# How do you differentiate f(x) =(1-x)/(x^3-6) using the quotient rule?

Sep 17, 2017

$\frac{d}{\mathrm{dx}} \left(f \left(x\right)\right) = \frac{2 {x}^{3} - 3 {x}^{2} + 6}{{\left({x}^{3} - 6\right)}^{2}}$

#### Explanation:

Let's start off with the definition of the quotient rule:

$\frac{d}{\mathrm{dx}} \left(f \frac{x}{g \left(x\right)}\right) = \frac{g \left(x\right) f ' \left(x\right) - f \left(x\right) g ' \left(x\right)}{g \left(x\right)} ^ 2$

Or to make remembering the rule simpler, let $f \left(x\right)$ be "$h i g h$," being the upper function and let $g \left(x\right)$ be "$l o w$," being the lower function to give us:

$\frac{d}{\mathrm{dx}} \left(\frac{h i g h}{l o w}\right) = \frac{l o w \cdot d ' \left(h i g h\right) - \left(h i g h \cdot d ' \left(l o w\right)\right)}{l o w} ^ 2$

where $d '$ denotes the "derivative of."

This formula can be read as "low d high minus high d low over low squared," which has a nice flow for memorization.

In the case $f \left(x\right) = \frac{1 - x}{{x}^{3} - 6}$, let "$l o w$" denote ${x}^{3} - 6$ and "$h i g h$" denote $1 - x$

Applying the quotient rule,

$\frac{d}{\mathrm{dx}} \left(\frac{h i g h}{l o w}\right) = \frac{\left({x}^{3} - 6\right) \cdot d ' \left(1 - x\right) - \left(\left(1 - x\right) \cdot d ' \left({x}^{3} - 6\right)\right)}{{x}^{3} - 6} ^ 2$

Now switching $\left(\frac{h i g h}{l o w}\right)$ to $f \left(x\right)$ for simplicity,

d/dx (f(x)) = ((x^3 - 6)⋅(-1) - ((1-x)*(3x^2)))/(x^3 - 6)^2

Knowing that by the power rule $\frac{d}{\mathrm{dx}} \left({x}^{n}\right) = n {x}^{n - 1}$

And that the derivative of a constant is $0$.

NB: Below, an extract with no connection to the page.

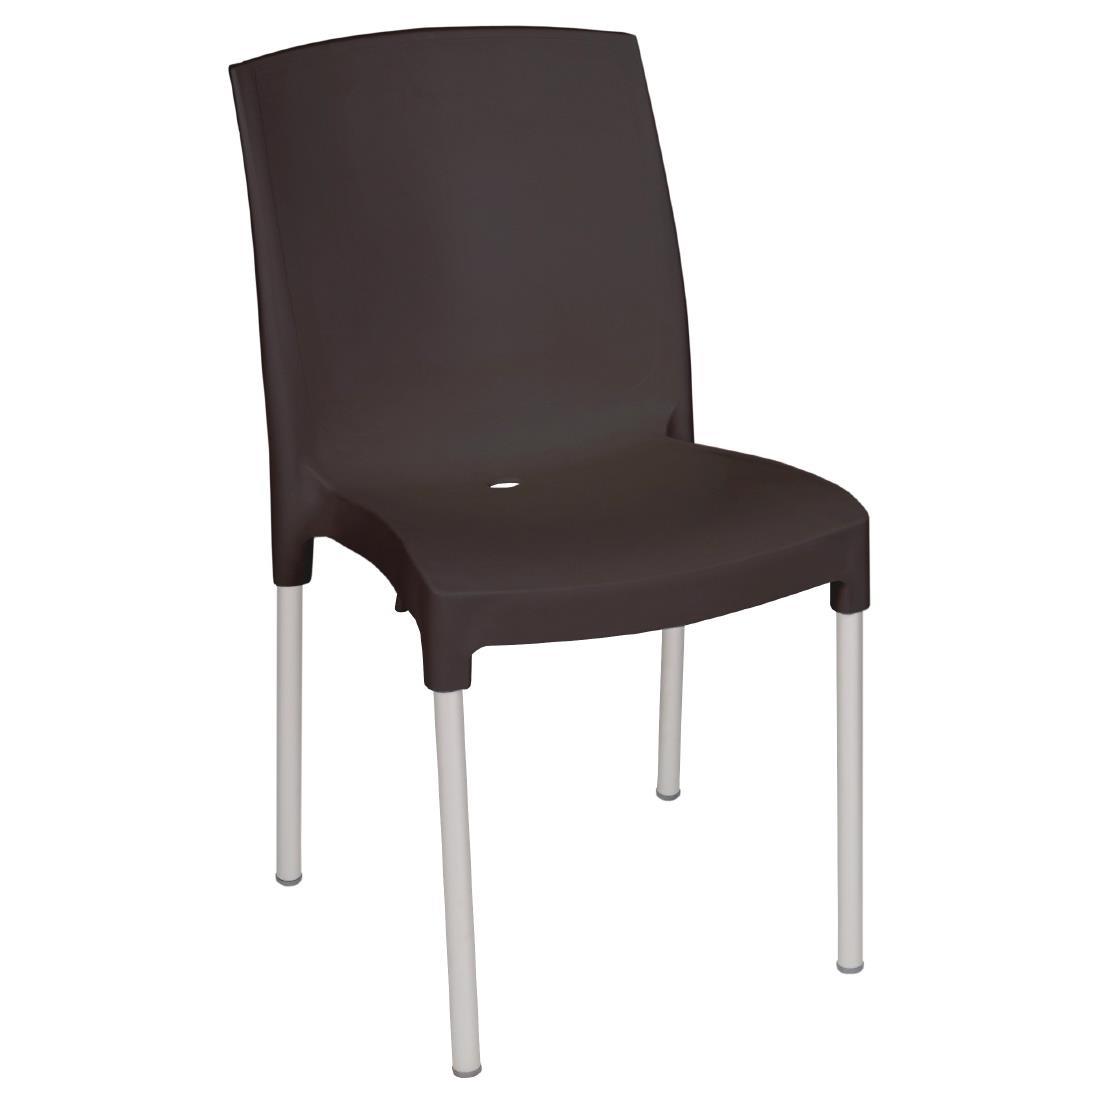 Bolero Stacking Bistro Side Chairs Black (Pack of 4) - GJ976  - 1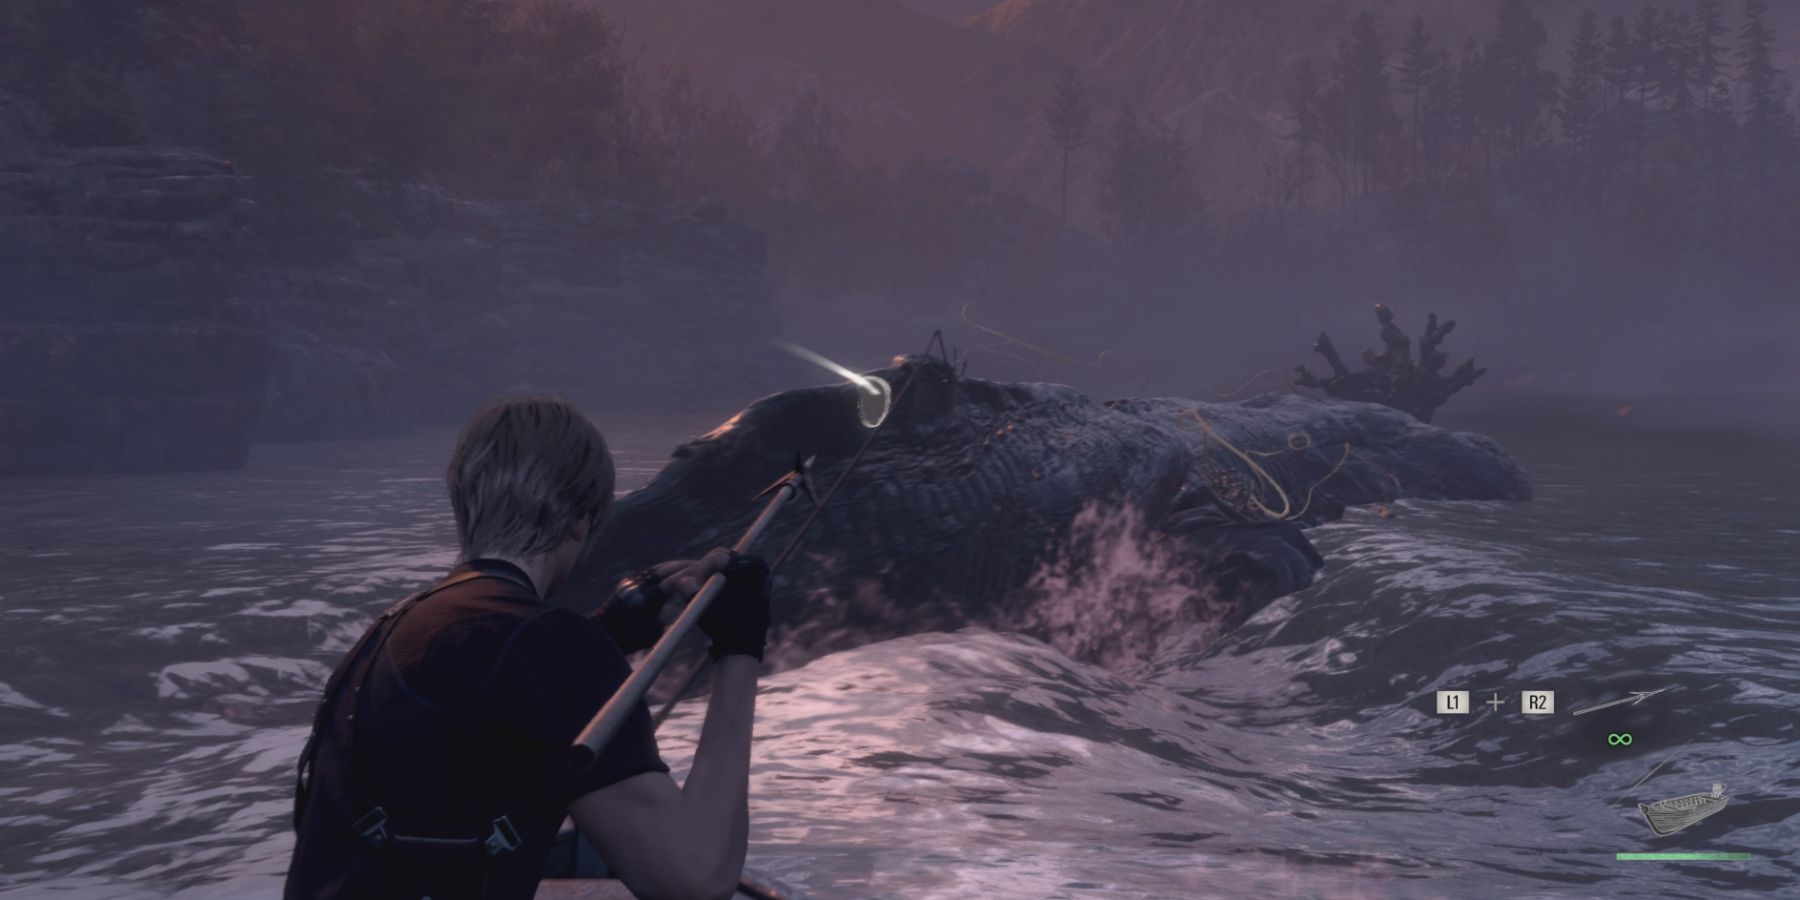 Leon aims a harpoon at Del Lago in Resident Evil 4 remake

$\frac{d}{\mathrm{dx}} \left(f \left(x\right)\right) = \frac{\left(- {x}^{3} + 6\right) - \left(\left(3 {x}^{2} - 3 {x}^{3}\right)\right)}{{x}^{3} - 6} ^ 2$

$\frac{d}{\mathrm{dx}} \left(f \left(x\right)\right) = \frac{- {x}^{3} + 6 - 3 {x}^{2} + 3 {x}^{3}}{{x}^{3} - 6} ^ 2 = \frac{2 {x}^{3} - 3 {x}^{2} + 6}{{\left({x}^{3} - 6\right)}^{2}}$